慶州へ着いたヒョンは、自転車を借りてのどかな街中をゆっくり見て回る。芝生で覆われた古墳群では、若者がデートし、子どもたちが遊びまわっていた。ヒョンは後輩のヨジョン(ユン・ジンソ)に電話して会う約束をする。大きな池のある公園のベンチに座っていると、大邱の駅で会った母娘が通り過ぎていった。
記憶を辿りながら古民家を改造した茶屋を覗いていると「とてもおいしいですよ」と通りかかったヨンミン(キム・テフン)に促される。茶屋は変わっていないが、今はユニ(シン・ミナ)という女主人が切り盛りしていた。
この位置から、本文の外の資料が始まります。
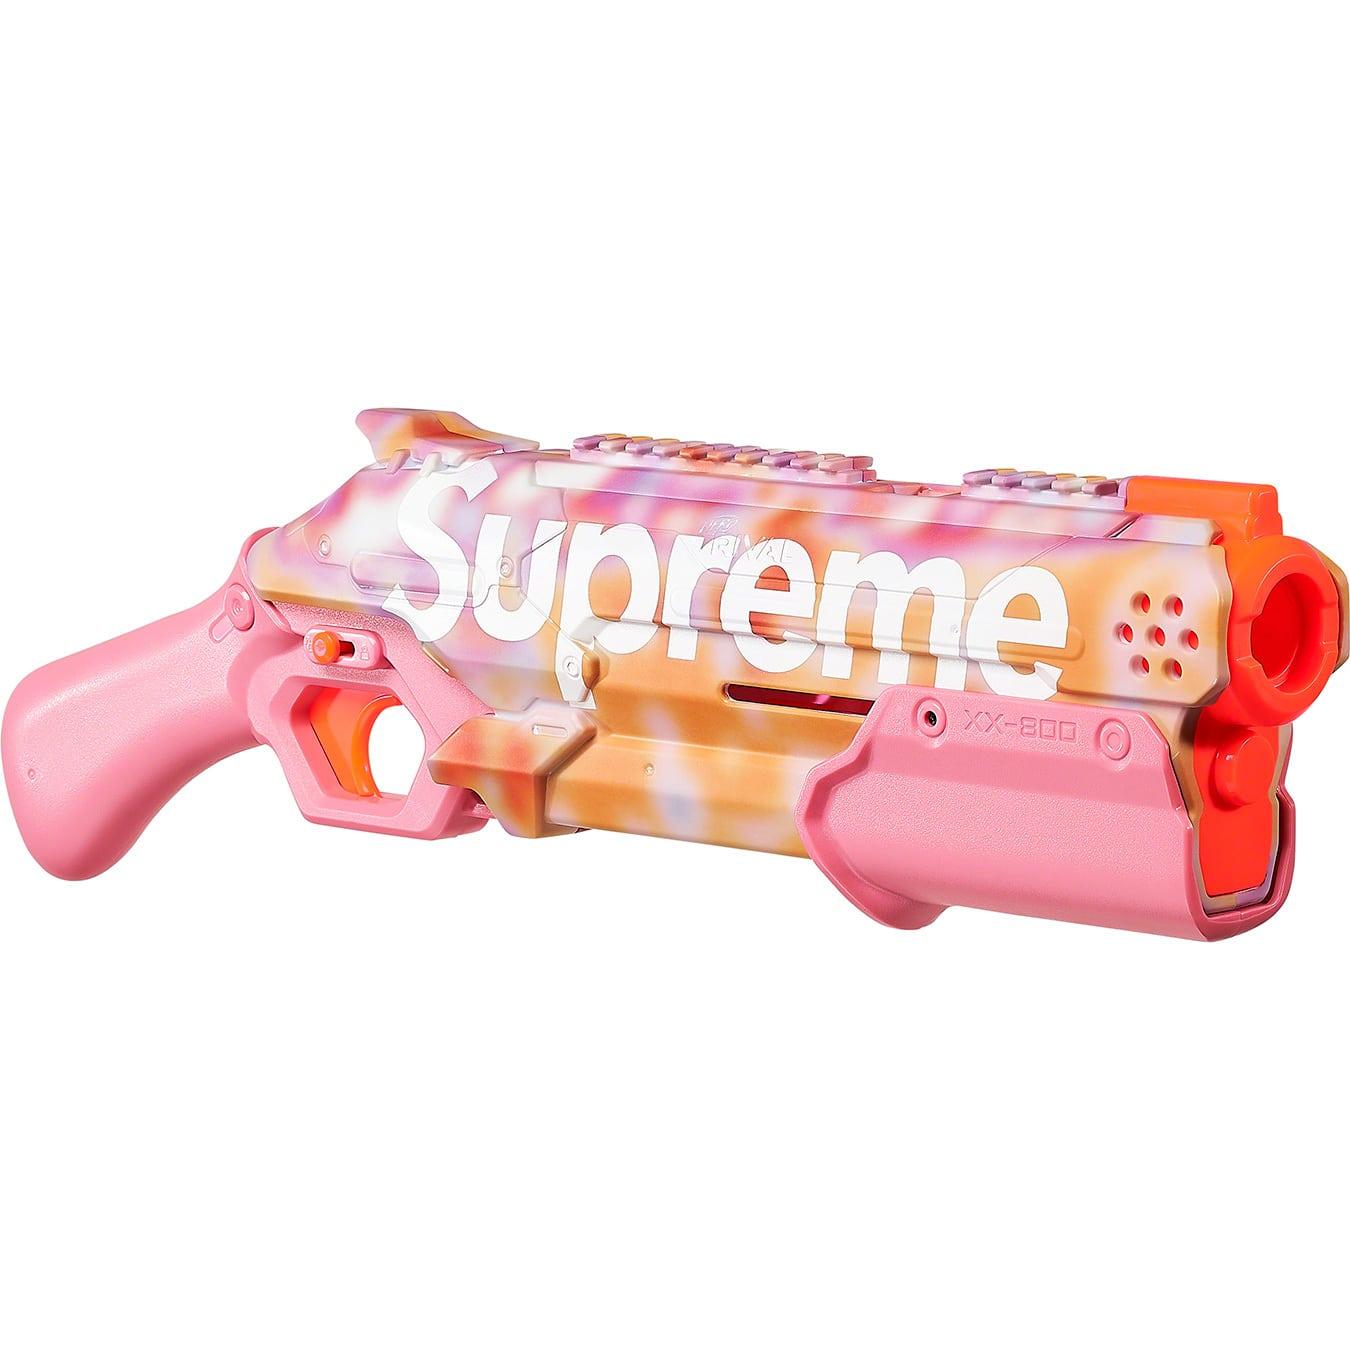 Supreme/Nerf Rival Takedown Blaster

春画の話をすると、彼女は怪訝そうな顔をした。3年前から茶屋を始めたユニは知らないという。ヒョンはその部屋でお茶を飲むことにする。ユニはお茶を煎れながら、客がからかうので上から壁紙を貼ったのだと教えてくれた。どうりで、壁紙が一部めくられていた。
アジコのおすすめポイント:
とてもミステリアスで濃厚な1日を描いたドラマです。前半は旅をしているような気分に浸れますが、後半、ある分岐点を境に実は不思議な出来事が続いていたことがわかり、驚かされます。それは、現在と過去をつなぐ時空の歪みなのか。先輩の葬儀。壁に春画が飾ってあった伝統茶屋。そこで出会った美しい未亡人。そのほかにも、何度か会った母娘、占い師、暴走族、昔聴いたはずの水の音…などなど、いろいろな要素が混じり合い、この大きな丸い古墳が点在する不思議な空間、いわば死者と生者が共存するこの街で起こった奇妙な体験が描かれていきます。監督は中国の朝鮮族として育ったチャン・リュル。異邦人としての視点が活かされており、主人公たちの心の揺らぎを美しい映像に重ね、独特で詩的な作品に仕上げています。様々な解釈ができるので、主人公と共に謎解きを楽しんでください。